Figure 2. Synaptic dysfunction and hyperexcitability as a result of seizures, inflammation, and antibody-mediated encephalitis.

Diagram showing multiple inflammatory/innate immunity mechanisms triggered by seizures and epileptogenesis, along with inflammation-related transcriptional and nontranscriptional pathways that lead to synaptic dysfunction, changes in plasticity, and hyperexcitability (corresponding with blue and red arrows). In contrast to these mechanisms, the antibody-mediated encephalitides such as those associated with NMDAR, AMPAR, LGI1, or GABAbR autoantibodies (see others in Tables 3 and 4), represent a direct antibody-mediated alteration of the corresponding targets also leading to synaptic dysfunction, impairment of synaptic plasticity, and hyperexcitability (purple arrow). The degree of involvement of inflammatory/innate immunity molecules and pathways of inflammation in antibody-mediated encephalitis is currently unknown.

Figure 3. Synaptic alterations and changes in neuronal excitability induced by autoantibodies against neuronal surface antigens.
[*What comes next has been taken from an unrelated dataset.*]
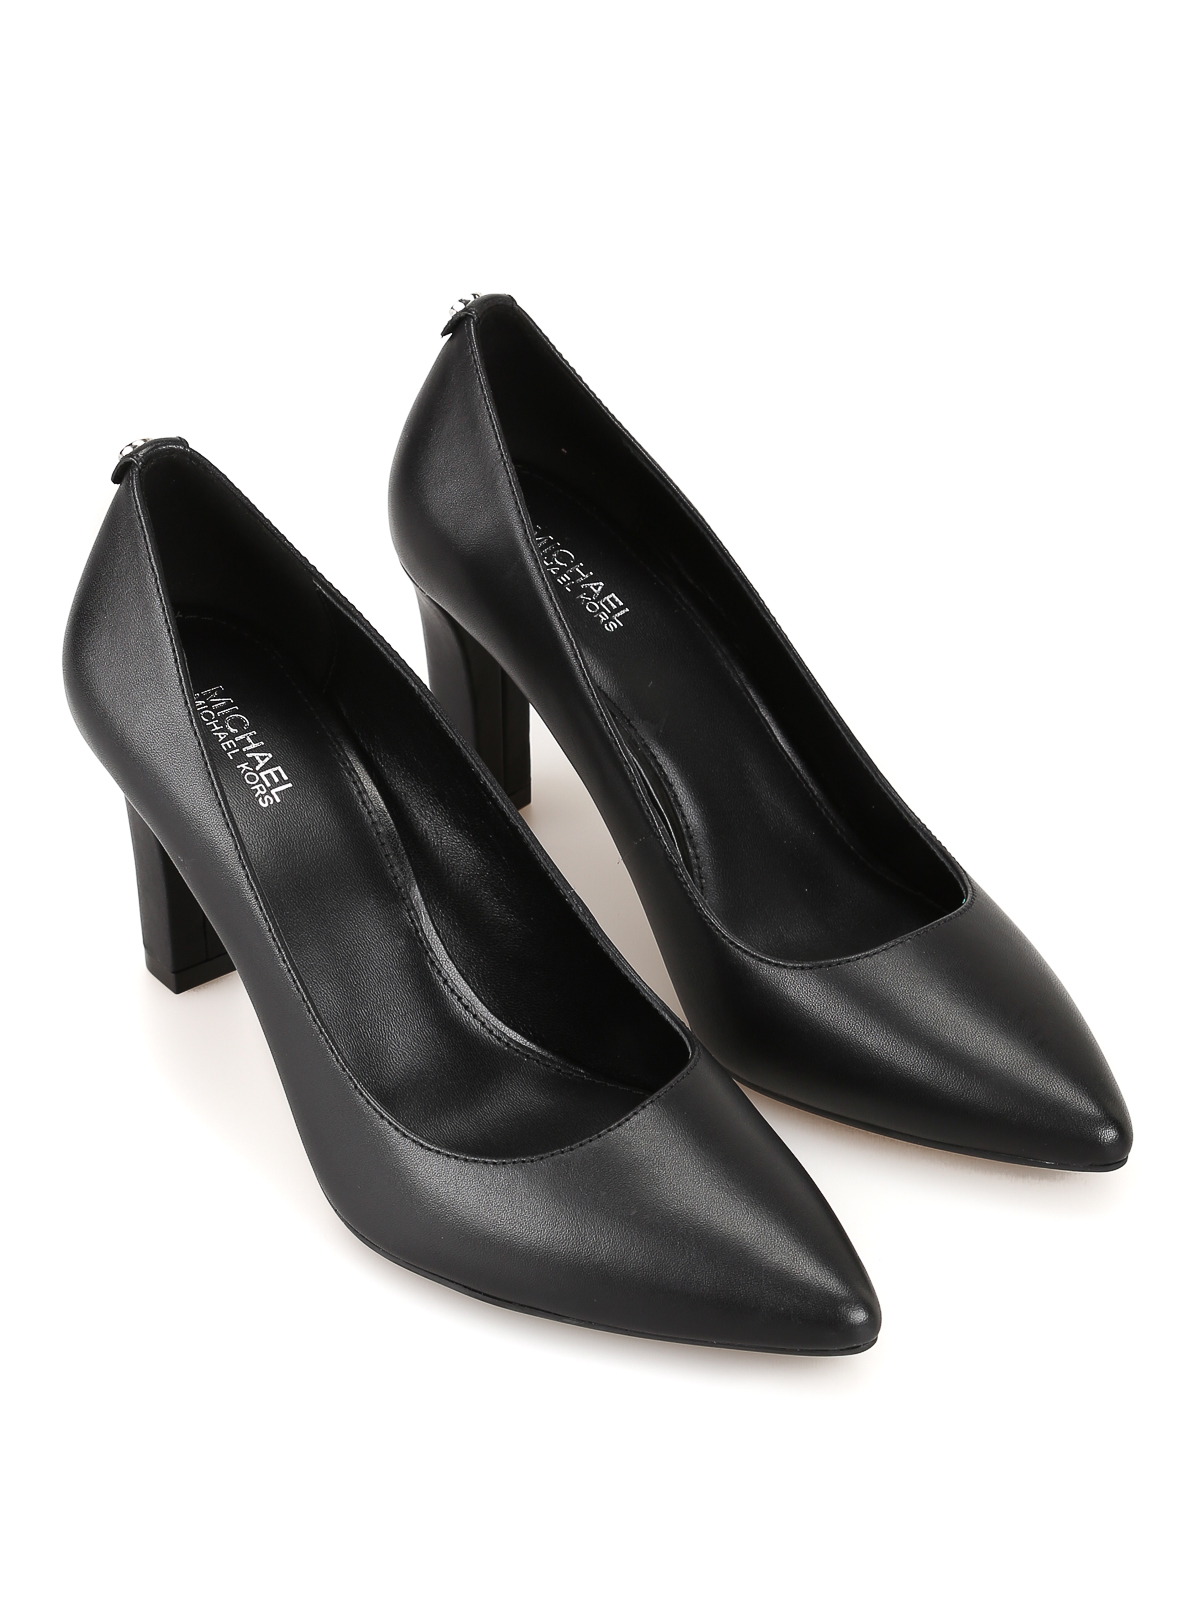 Court shoes Michael Kors - Abbi Flex pumps - 40F7ABMP1L001

(A) Top: Patients’ antibodies (blue) against NMDARs bind to GluN1 subunits, inducing NMDAR clustering and dissociation from Ephrin-B2 receptor (EphB2R), followed by NMDAR internalization. Below: Reduction of synaptic NMDARs affects synaptic plasticity, revealed by decreased long-term potentiation (LTP). In each panel, blue traces depict effects of patients’ antibodies, and gray traces show effects of normal human IgG. (B) Top: Antibodies against AMPAR GluA2 subunit induce internalization of GluA2-containing heterodimers after dissociation from TARPs. AMPAR loss is followed by homeostatic compensation with insertion of Ca²⁺-permeable inward-rectifying AMPARs (e.g., GluA1 monomeric AMPAR), which have higher channel permeability. Below: Nonstationary fluctuation analysis shows an increase in AMPAR channel conductance (steeper hyperbola slope) along with reduced channel number (reduced hyperbola width). Current-voltage relationship of excitatory postsynaptic currents (EPSCs) in neurons preincubated with patients’ GluA2 antibodies reveals incorporation of inward-rectifying AMPARs in the synapse. (C) Top: Anti-LGI1 antibodies react with epitopes in leucine-rich repeat (LRR) and EPTP domains of LGI1, disrupting LGI1’s interaction with presynaptic ADAM23 and postsynaptic ADAM22, and reducing presynaptic voltage-gated Kv1.1 channels and postsynaptic AMPARs. Below: Downregulation of presynaptic Kv1.1 channels increases presynaptic release probability and enhances glutamatergic transmission, resulting in increased evoked EPSCs (eEPSCs) and reduced failure rate of synaptic transmission after minimal stimulation (msEPSCs). (D) Top: Anti-GABAbR antibodies bind to the GABAb1 subunit, which localizes at pre- and postsynaptic membranes and contains the GABA-binding site. Antibody binding does not cause GABAbR internalization but interferes with baclofen-induced GABAbR activation. Below: Baclofen blocks spontaneous network activity of cultured neurons (gray). Anti-GABAbR antibodies interrupt its inhibitory effect (blue).